Соня разглядывала листья, перебирала их.
— Это от какого дерева, длинненький такой?
— Это — ива.
— А этот?
— Этот дубовый. Видишь, краешки вырезанные?
— А дуб — он какой?
— Дуб — он большой.
— А какой большой? С дом?
— Может, и с дом.
— Анна Ивановна, а вот этот листок — что?
Но Анна Ивановна и сама не знала. Мало ли их, деревьев!
Соня, глядя на Анну Ивановну, тоже принялась подбирать листочек к листочку и класть стопочкой. Но Анна Ивановна так быстро клеила, что Соня никак не успевала приготовить ей запас.
— Что же ты? — сказала Анна Ивановна. — Поспевай!

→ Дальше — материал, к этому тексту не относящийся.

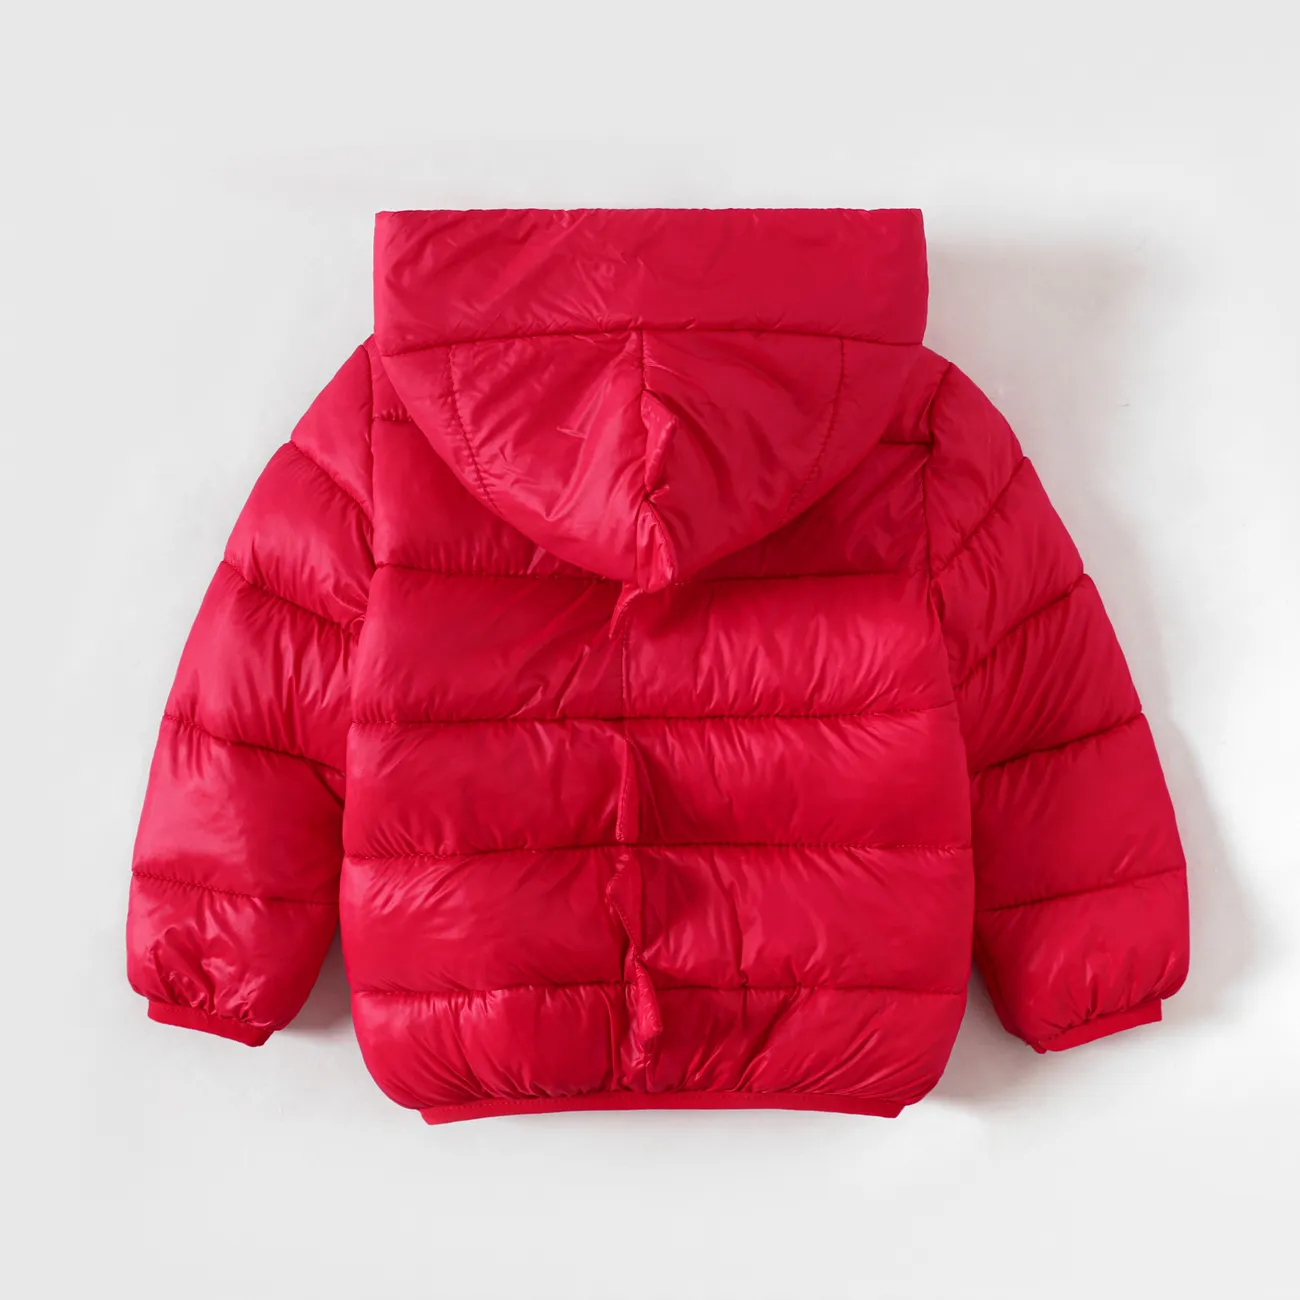 Toddler Boy/Girl Childlike Dinosaur Shape 3D Design Winter Coat Red big image 1

— А я ведь не умею скоро, — ответила Соня.
— «Не умею»! Я вот тоже такая, как ты, пришла к хозяйке работать. Бывалоча, сидишь, сидишь над этими листочками! Устанешь до страсти, да и задремлешь. Тут хозяйка подойдет — раз по затылку! Вот и проснешься. Хозяйке-то не скажешь «не умею». То подзатыльник, а то и розга — вот и сумеешь!
— А почему же за вас мама не заступалась?
— Мама! А где она у меня, мама-то? Нет ее и не было никогда.
Соня с удивлением подняла на нее глаза:
— Как же не было? Когда-нибудь же была?
— Да вот никогда и не было. Шпитонок я.
— Шпитонок?
— Ну да. В Воспитательном доме росла.
— В каком Воспитательном?
Соня уже совсем забыла про листочки. Она сидела, подпершись обеими руками. А Анна Ивановна рассказывала.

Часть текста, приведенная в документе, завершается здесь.